If the resource gets borked, you can retrieve older versions using git. A
function is provided to list available pins (with or without history), but
beyond that, the user is expected to use `git` directly for more complex
retrieval operations.
```{r, include=FALSE}
old_width <- options(width=130)
```
```{r}
list_pins()
list_pins(history = TRUE)
```
```{r, include=FALSE}
options(old_width)
```
## Installation
Install `gitpins` with either of the following commands:
``` r
pak::pak("torfason/gitpins")
# or alternatively
remotes::install_github("torfason/gitpins")
```
You can then load and use the package like this:
```r
library(gitpins)
pin(URL)
```
To use this concurrently with another package that also defines a `pin()`
function, exclude this function and use the alias `gitpin()` instead:
```r
library(gitpins, exclude="pin")
gitpin(URL)
```
Note that `gitpins` uses the native pipe operator (`|>`) and so depends on `R
(>= 4.1.0)`. If this is an issue for you, holler and I can probably be convinced
of changing it to make it compatible with older versions.

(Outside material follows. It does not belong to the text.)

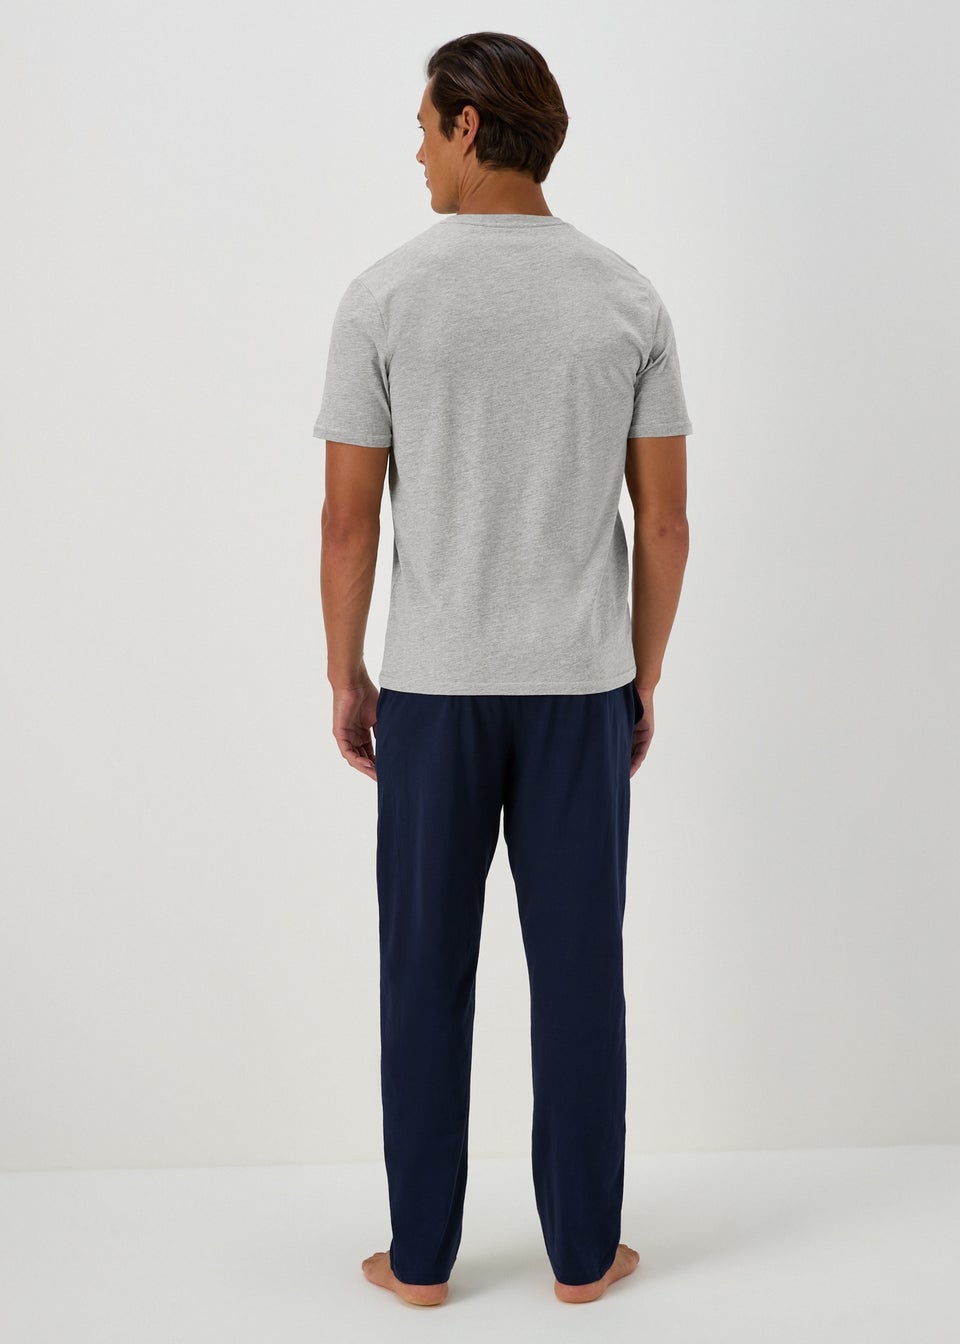 Grey T-Shirt Pyjama Set

## Related packages and feedback
This package was inspired by the `pins` package, and in particular the
`pins::pin()` function. However, that function stores the actual local file in a
system location rather than inside the project, so using it did not prove
reliable reliable. Furthermore, it did not have the desired versioning
properties, and finally, it is now defined as a legacy function and is not part
of the new api for that package. As a result, `gitpins` was born.
For feature requests, bugs, or other feedback, feel free to file an issue.